Thereafter, his stomach and his purse both swelled, while his nerves became calmer. He ate meals fit for a cardinal, as the Italians say. He would discourse on the point of esculence of every foodstuff, from capers to woodcock; he could explain how the shallot had been introduced into France by the returning Crusaders, and the cheese of Parma by Monsieur le Prince de Talleyrand. When a partridge was placed in front of him he would remove the legs, take a bite from each in a considered manner, nod judicially, and announce on which leg the partridge had been accustomed to rest its weight while sleeping. He was also a familiar of the bottle. If grapes were offered as a dessert, he would push them away with the words, “I am not in the habit of taking my wine in the form of pills.”
Delacour’s wife had approved his choice of vice, since gourmandism is more likely to keep a man at home than gambling. The years passed, and her silhouette began to ape that of her husband. They lived plumply and easily until one day, fortifying herself in mid-afternoon while her husband was absent, Mme Delacour choked to death on a chicken bone. Jean-Etienne cursed himself for having left his wife unattended; he cursed his gourmandism, complicity in which had led to her death; and he cursed fate, chance, whatever governs our days, for having lodged the chicken bone at just such a murderous angle in her throat.
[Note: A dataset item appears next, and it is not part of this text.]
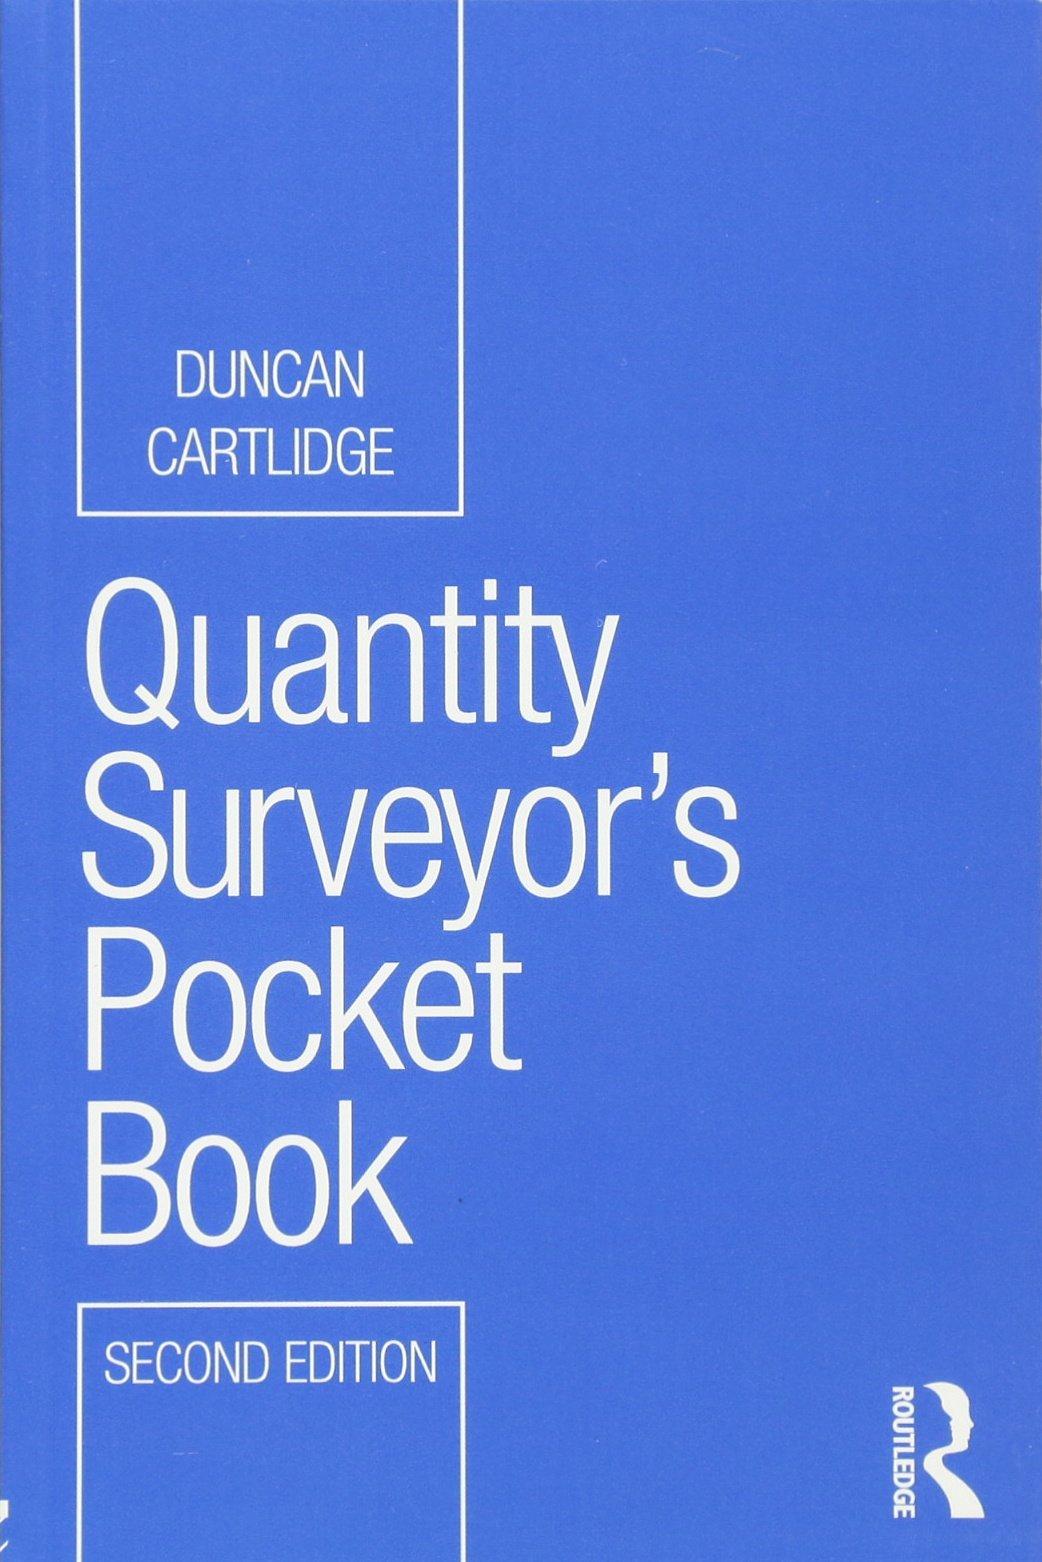 Quantity Surveyor's Pocket Book (routledge Pocket Books): Amazon:  Duncan Cartlidge: 8601300260020: Books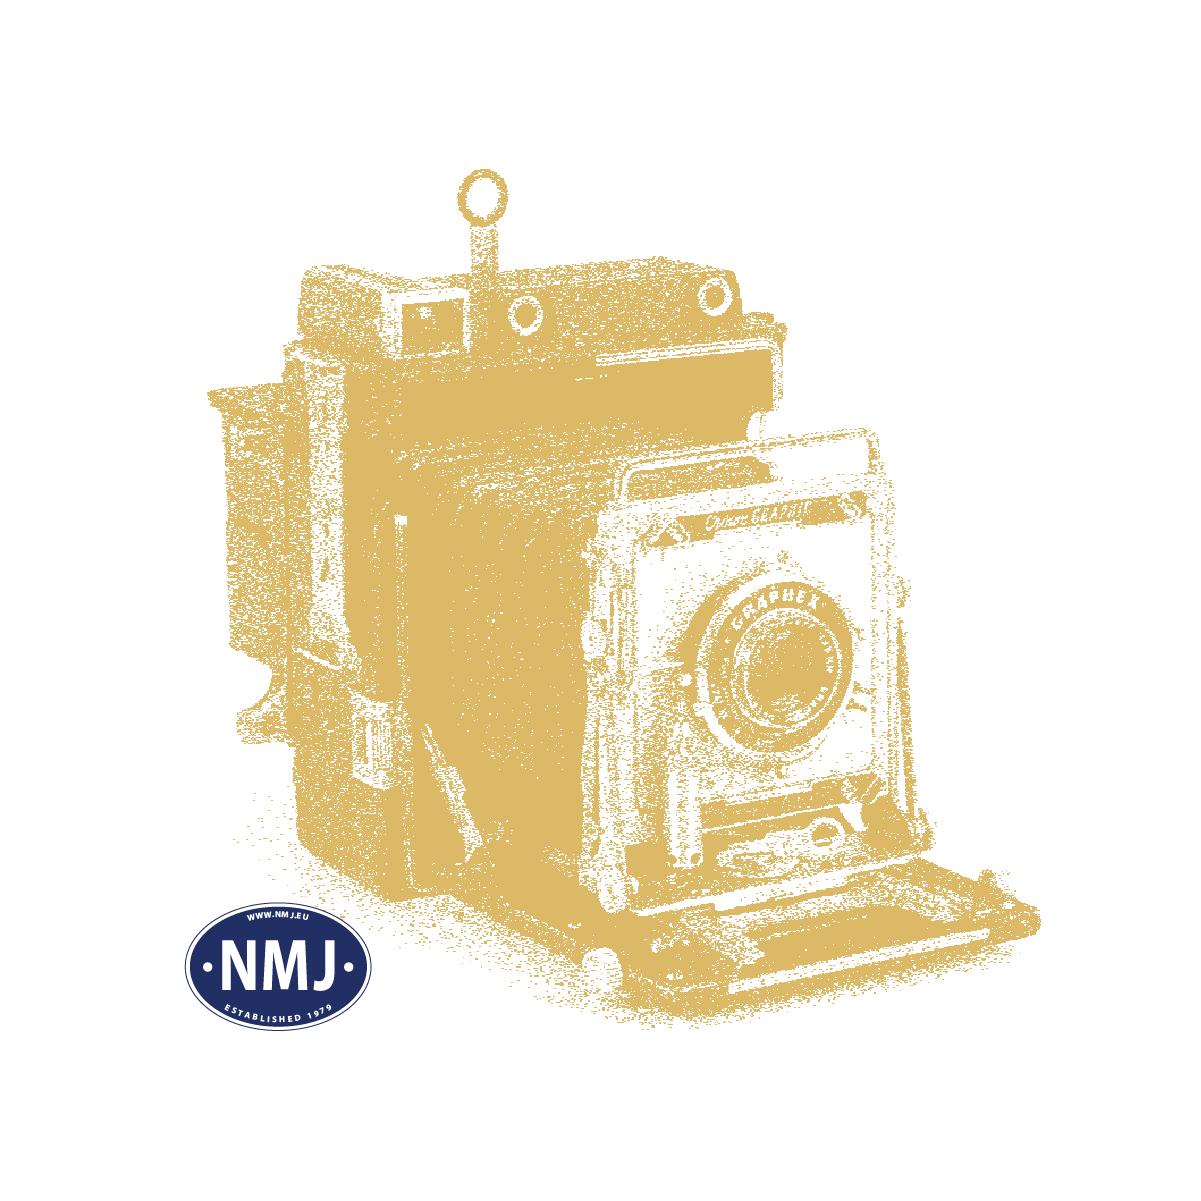 "NMJT90006 - NMJ Topline NSB Di3a.608 ""Nohab"", DCC m/ Sound"

When his initial grief began to recede, he accepted lodging with Charles and Mme Amélie. He began a study of the law, and could often be found absorbed in the Nine Codes of the Kingdom. He knew the rural code by heart, and comforted himself with its certainties. He could cite the laws concerned with the swarming of bees and the making of compost; he knew the penalties for ringing church bells during a storm and for selling milk which had come into contact with copper pans; word for word, he recited ordinances governing the behaviour of wet-nurses, the pasturing of goats in forests, and the burial of dead animals found on the public highway.